Thursday, May 31, 2012

Pentecost: Speaking in Tongues

Sunday just gone was Pentecost Sunday.


Acts chapter 2 records the coming of the promised Holy Spirit. Those gathered were filled with the Spirit and spoke in other tongues. It’s a strange and bizarre event that marks the birth of the church. It’s an empowering event that equipped Christians to be the church, to gather and scatter in the name of Jesus, active in the mission of Jesus to bring healing and reconciliation to the world.

Pentecost however is not a onetime event that God simply used to get the ball rolling. Pentecost is a reality to be experienced today.

We should expect divine interruption as the Holy Spirit speaks into our lives through those impressions which over time we discern to be God’s voice. We should expect to speak in other tongues, that somehow when we ask the Holy Spirit to fill us and enable us to speak in tongues we’ll learn to speak a kind of “gibberish” language that just roles of the tongue and speaks to the Spirit of God. I can’t explain this any better; it’s a subjective, bizarre and weird phenomenon. Yet, over the last 100 years the Pentecostal church has grow to over 400 million people who have experienced this as a reality in their life.

We should expect to speak in other tongues in the sense of speaking a different language to the world around us. We tell a different story to the world in regards to how to make sense of life. Inspired speech always follows the infilling of the Holy Spirit. We speak in tongues and bring the presence of Pentecost into people’s lives when we speak words of hope, life, grace, possibility and promise in the midst of uncertainty, doubt, worry, anxiety and hopelessness. We speak in tongues when we talk about the resurrected Messiah, Jesus Christ who was not abandoned to the realm of death but whom God raised to life in order that we all might be raised to life. It is a different story, a different language; it’s the good news of the gospel of Jesus.  We speak the language of Pentecost!

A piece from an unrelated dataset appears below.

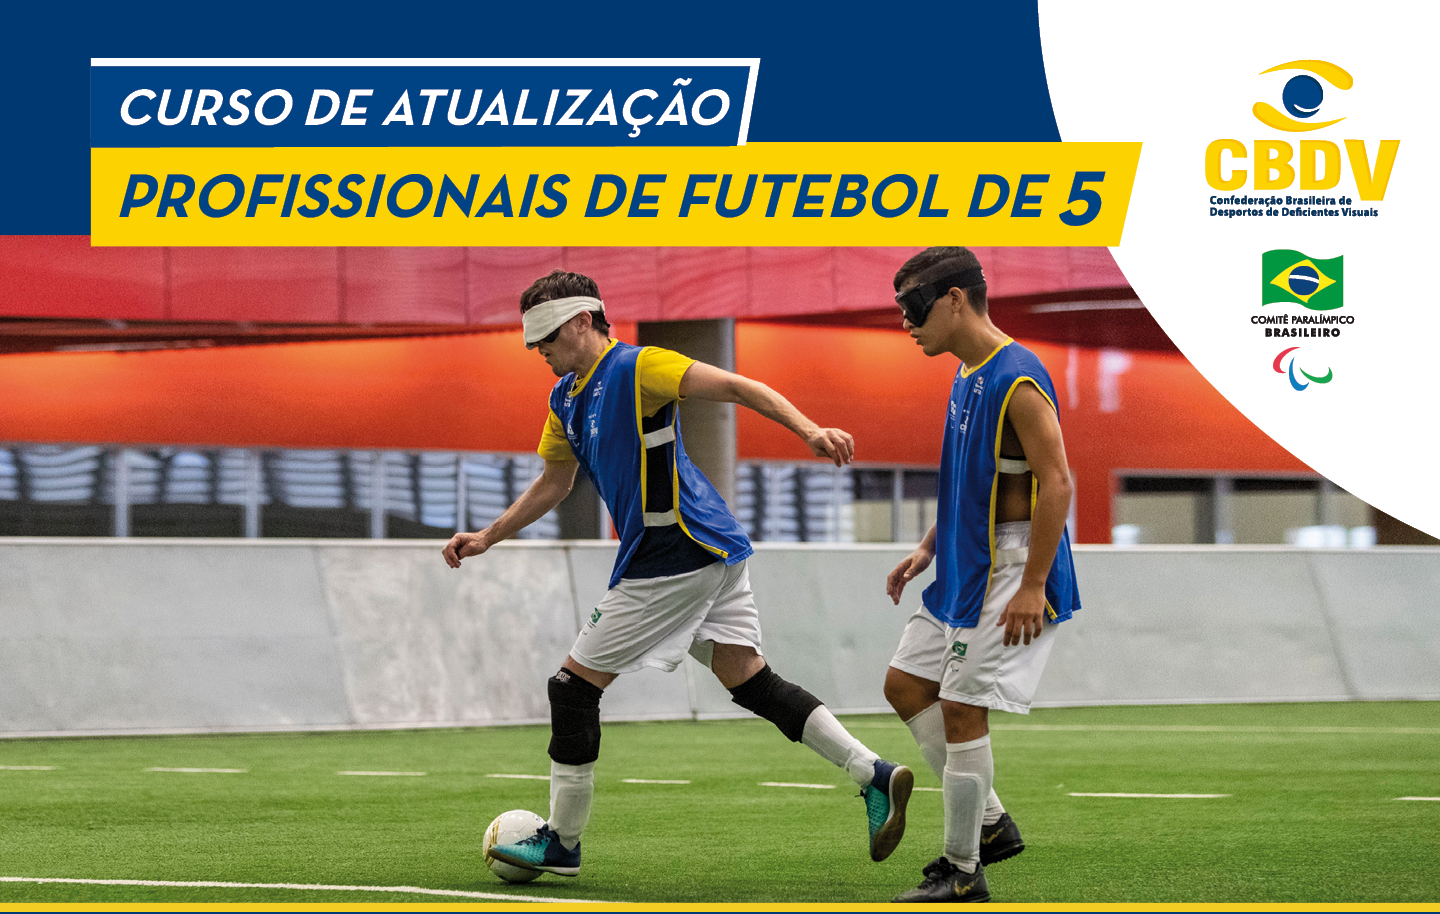 Cursos de Futebol Online - FC FUTEBOL

With this in mind there is always going to be something a little strange, a little crazy, and a little bizarre about Christ followers. Let’s make sure the strangeness is our belief that God talks to us, talks through us, interrupts our lives, leads, guides and challenges us.  There is no need to wrap Pentecost up in weird pentecostalism wrapping paper and go all Harry Potter or Old King James. Like with prayer in Matthew 6:5-8 there should be simplicity and a humility that comes with the empowerment of the Spirit.

Too often pentecostalism causes us to throw out Pentecost. Pentecost then becomes contemporary rather than unusual. Lights, projectors and sound systems, replace noise, wind, and fire. All because we thought the noise, the wind and the fire needed to be out of control. We forgot that a Dove is in control.

1 comment:

Unknown said...

Excellent stuff. I attend a "pentecostal" church, where are frequently told that as "pentecostals" we should be experiencing more of the gifts of the Spirit, especially speaking in "tongues".
Even though I speak in "tongues", I find that what I hear is phonetic gibberish, and we are usually told not to let that bother us and to submit to the Lord. Really?!
I personally believe that ALL of the gifts of the Holy Spirit are available to ALL of the church, and not just that group of people who attend a "church" or "movement" that was birthed out of Azusa Street.
I could well be a boring conservative stuck in a "Pentecostal" church.